Although the definitive pathophysiology of hypercoagulability in NS remains unclear, many theories have been proposed, including loss of anticoagulants, enhanced platelet-vessel wall interaction, and increased fibrinogen conversion and fibrin deposition [2]. Hypercoagulability in NS was first described with renal vein thrombosis, though patients are also at higher risk for arterial and venous thrombosis at other sites [3]. Patients with new diagnoses of NS are often at the highest risk early in their disease course, with most thromboembolic events in adults occurring within six months of diagnosis [4]. The best predictors of VTE in NS include histologic diagnosis (membranous nephropathy carries the highest risk), degree of proteinuria, and serum albumin; as these urinary and serologic markers improve with treatment, the risk of VTE also decreases [5]. The rate of VTE in NS is thought to be higher in adults compared to children, though the exact incidence is difficult to estimate due to heterogeneity in the literature [6].
Treatment of NS-associated VTE has historically centered around warfarin as the anticoagulant of choice, though this paradigm is currently under active investigation. The efficacy of direct oral anticoagulants (DOACs) for therapeutic anticoagulation has not been adequately studied in this population, and most evidence supporting their use comes from case reports and small cohort studies [7-8]. A few studies have examined the role of DOACs for VTE prophylaxis in NS [9-11]. In one study, Kelddal et al. reported no VTE or major bleeding events for patients with NS and hypoalbuminemia treated with DOACs for VTE prophylaxis [7]. In spite of this growing evidence base, randomized control trials are necessary to further elucidate safety, efficacy, and bleeding rates for DOACs and warfarin for NS-associated VTE.
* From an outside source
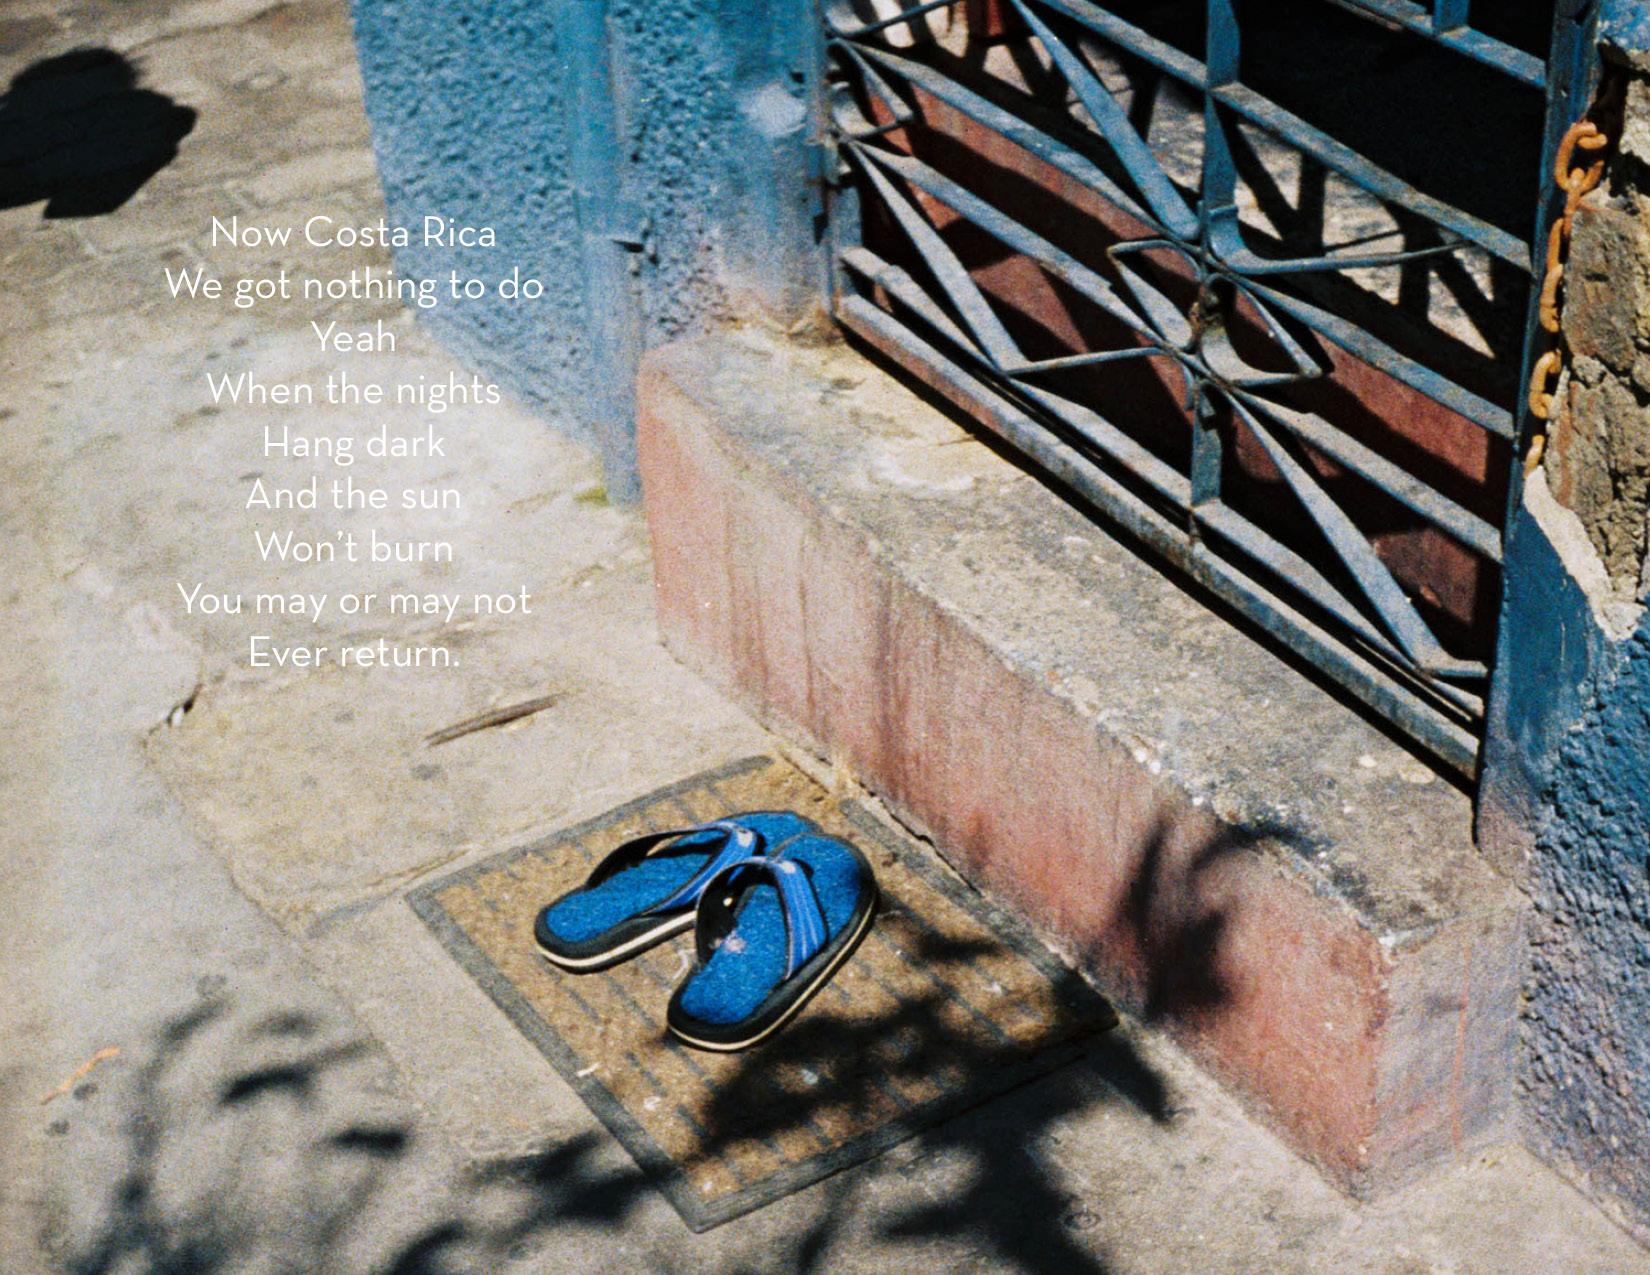 SHK-Summer-Issue-Summer-Needs-No-Explaination-201379.jpg

In this case, apixaban was continued given its aforementioned efficacy for VTE prophylaxis in NS, favorable side effect profile, and predictable therapeutic effect without the need for laboratory monitoring. It was determined that treatment failure was unlikely with the initial three days of apixaban, as it was presumed that his PE was probably present at the time of the initial presentation with DVT. In patients with true treatment failure on either warfarin or DOAC, most case studies support switching to an alternate class of anticoagulant [12-16]. Similarly, in cases of breakthrough VTE despite prophylactic anticoagulation, the anticoagulant is often transitioned to an alternate class [10].
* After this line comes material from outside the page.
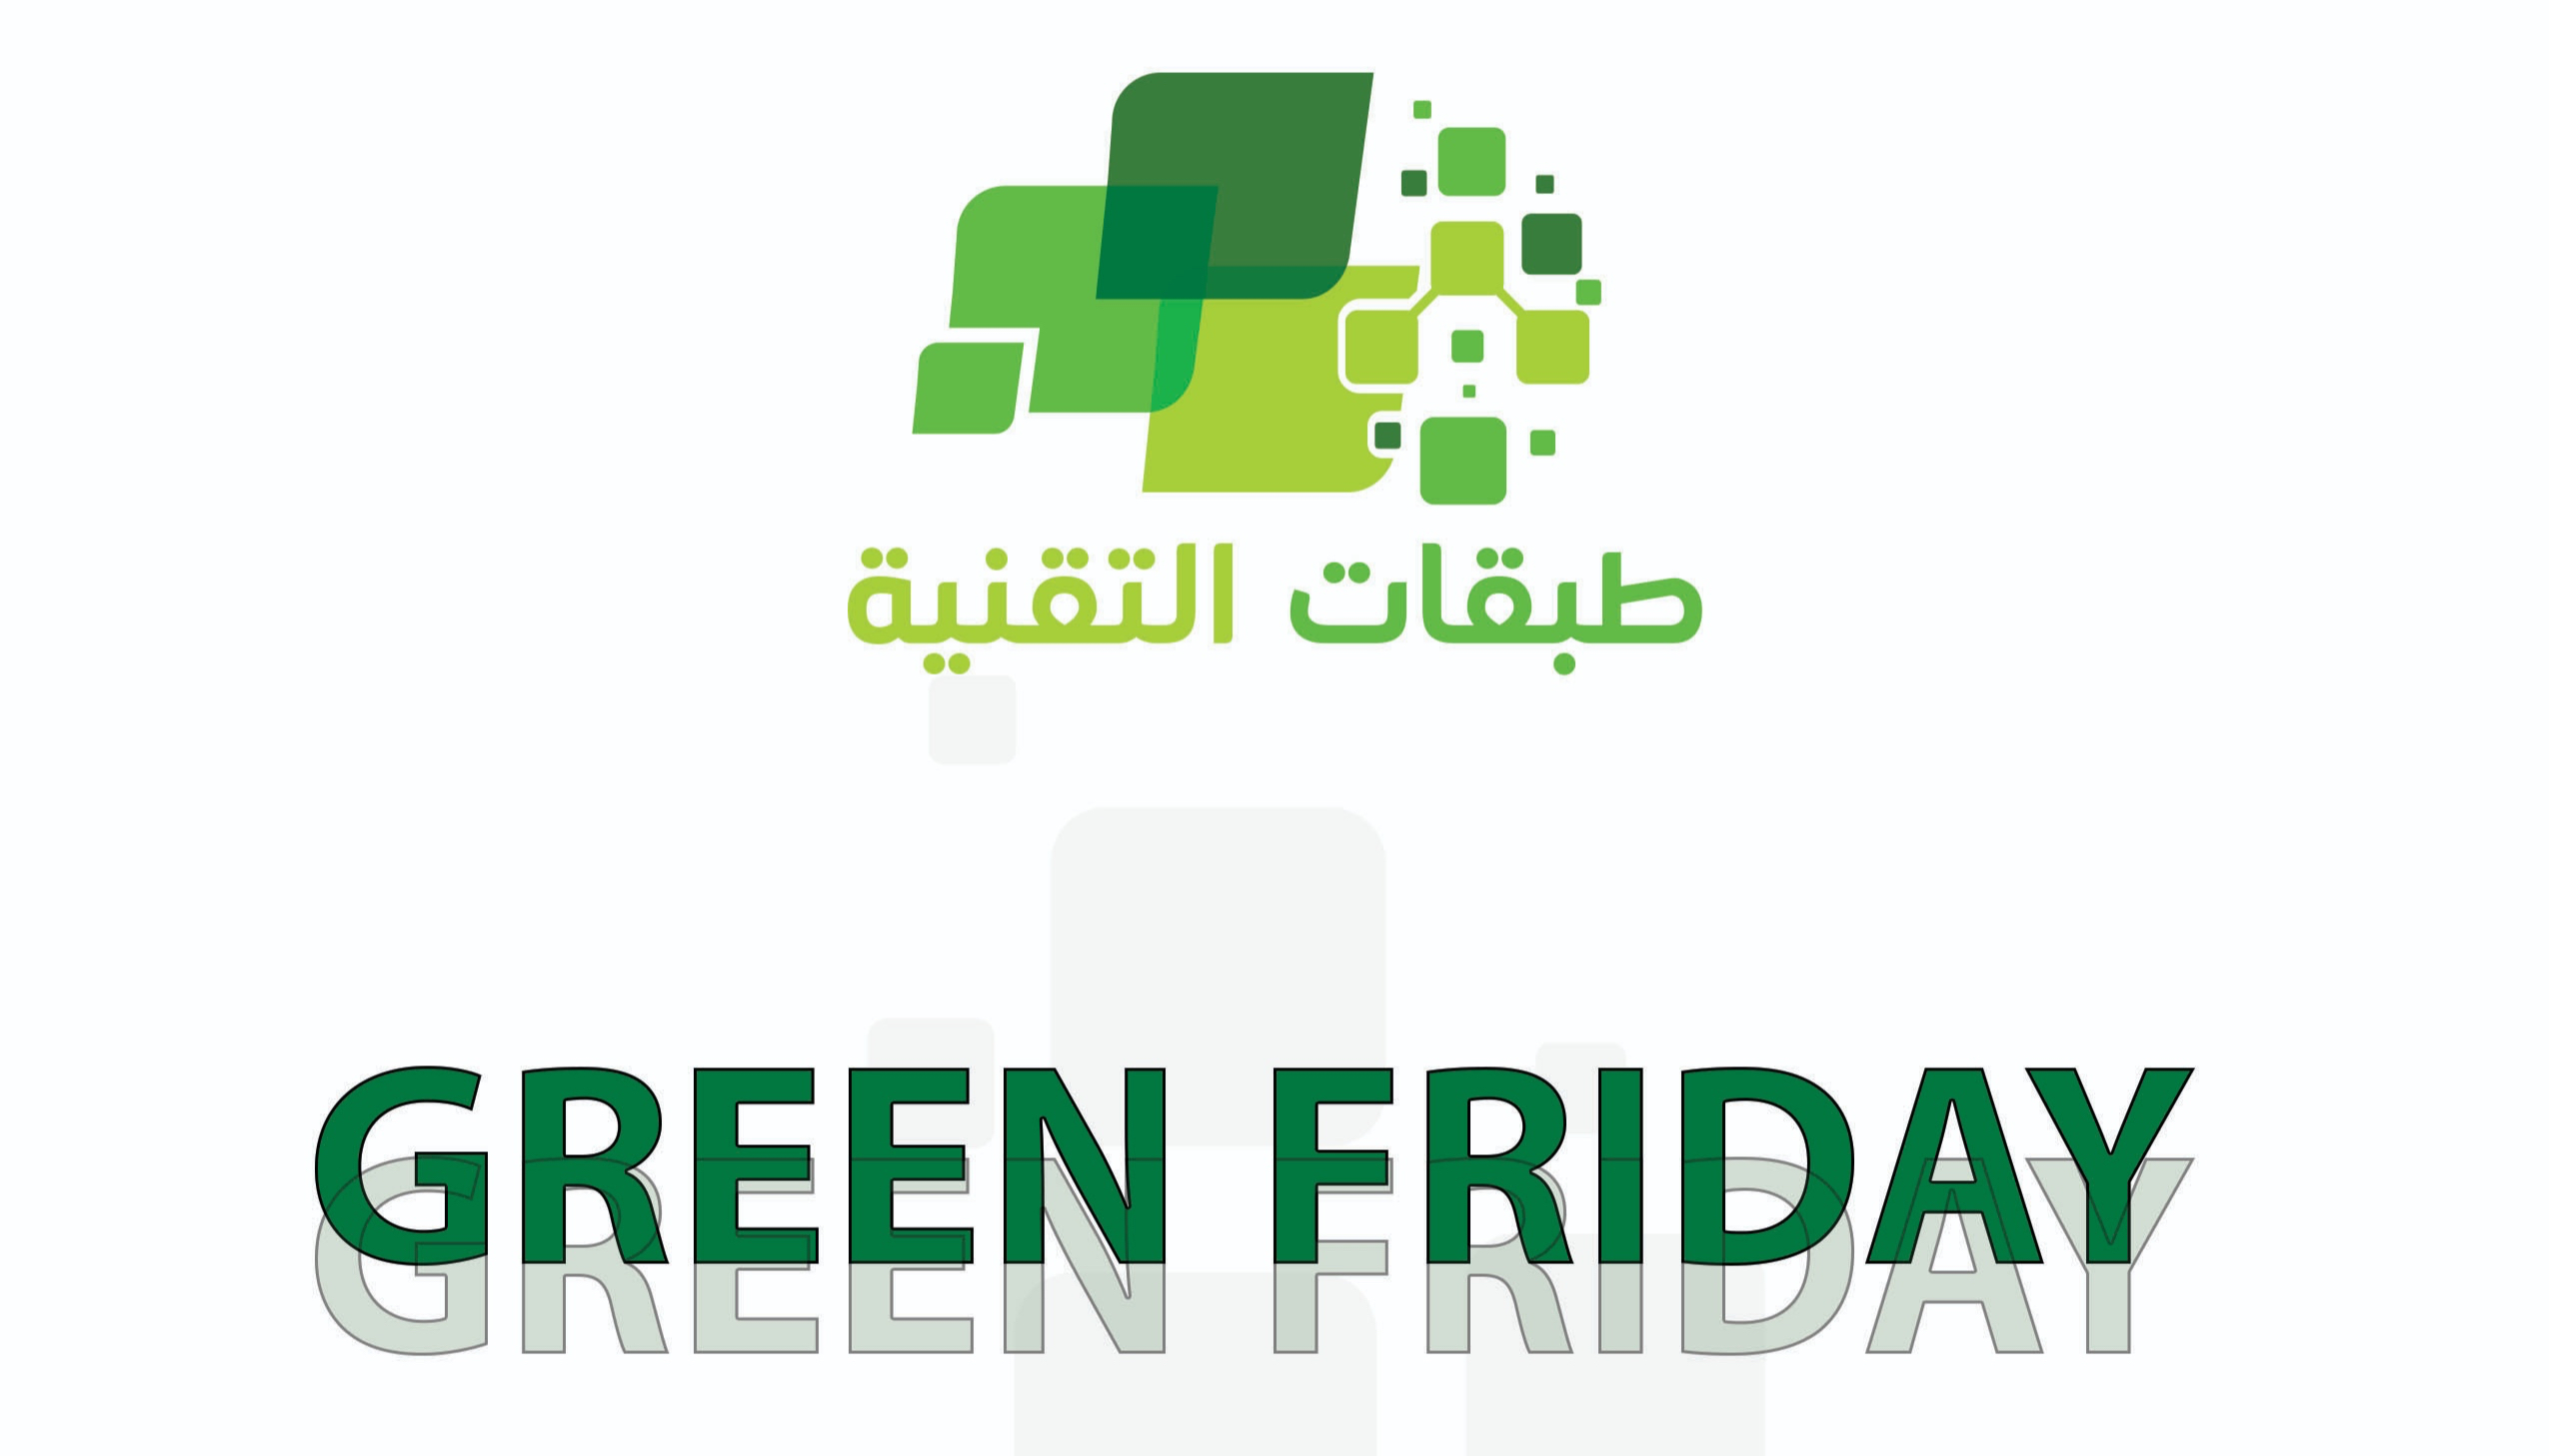 عروض الجمعة الخضراء

While renal biopsy is typically a safe procedure, recent studies have re-demonstrated known bleeding risks. Microscopic hematuria is present in virtually all cases, and major bleeding complications may occur in up to 1.2% of percutaneous renal biopsies [1,17]. An earlier renal biopsy was considered while the patient was admitted on heparin, though it was ultimately deferred due to extensive pulmonary embolic burden as well as scheduling and staffing limitations. We propose that for suspected NS with significant thromboembolic burden, management of VTE should be prioritized to allow for clot stabilization with assessment of patient-specific variables to further guide therapeutic decision-making.
Minimal change disease is the most common cause of NS in children, though it is less commonly diagnosed in adults [18]. The treatment of MCD has historically been glucocorticoid monotherapy, with high rates of remission in pediatric trials [19]. While some studies demonstrate comparable long-term outcomes in adults and children after steroid therapy, other evidence suggests lower rates of early remission following glucocorticoid treatment in adults [20-21]. Due to these considerations and the frequency of drug-related adverse effects, glucocorticoid-sparing regimens may be employed. Previously described regimens include calcineurin inhibitors (tacrolimus) in conjunction with low-dose steroids [22-23].
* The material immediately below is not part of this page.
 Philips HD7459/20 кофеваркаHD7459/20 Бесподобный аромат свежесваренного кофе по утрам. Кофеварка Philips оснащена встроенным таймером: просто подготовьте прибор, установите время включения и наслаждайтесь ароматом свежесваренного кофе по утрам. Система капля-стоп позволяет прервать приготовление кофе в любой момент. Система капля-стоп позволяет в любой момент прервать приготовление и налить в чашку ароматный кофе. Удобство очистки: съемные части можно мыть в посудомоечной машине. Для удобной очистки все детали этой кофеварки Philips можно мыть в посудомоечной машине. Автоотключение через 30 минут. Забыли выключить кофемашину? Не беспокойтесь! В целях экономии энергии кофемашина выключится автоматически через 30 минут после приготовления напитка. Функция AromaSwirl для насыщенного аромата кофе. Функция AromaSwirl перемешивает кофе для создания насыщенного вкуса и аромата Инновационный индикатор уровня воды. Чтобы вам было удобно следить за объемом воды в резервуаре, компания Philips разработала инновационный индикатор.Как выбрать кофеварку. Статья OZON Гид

Based on this emerging body of evidence, the patient was started on tacrolimus-based therapy with low-dose prednisone. Chin et al. reported that tacrolimus with low-dose prednisone was non-inferior to high-dose steroids in achieving remission for adult-onset minimal change disease, with the tacrolimus group demonstrating significantly lower relapse rates [22]. While calcineurin inhibitors have a unique side effect profile that must be monitored, this approach carries the advantage of avoiding the common side effects seen with high-dose, long-term corticosteroid therapy. In considering different therapeutic modalities following biopsy, shared decision-making with a discussion of short- and long-term risks and benefits best serves the patient.
Conclusions
When diagnosing and treating a patient with VTE in the context of newly diagnosed NS, providers must consider multiple unique factors: selecting an appropriate anticoagulant, determining optimal timing to minimize the bleeding risk of renal biopsy, and ultimately identifying and treating the underlying etiology. At each complex decision point in this case, diagnostic and therapeutic efficacy depended on clear communication with the patient and multidisciplinary specialists, ultimately allowing for a result that best balanced the risks and benefits of his nephrotic-syndrome-specific factors. This case highlights the importance of patient-specific variables in complex medical decision-making and reinforces the need for ongoing research on anticoagulants in NS to better establish safety and efficacy.
Acknowledgments
Abhinav Thummala and Tyler Morad contributed equally to the work and should be considered co-first authors.
Disclosures
Human subjects: Consent was obtained or waived by all participants in this study.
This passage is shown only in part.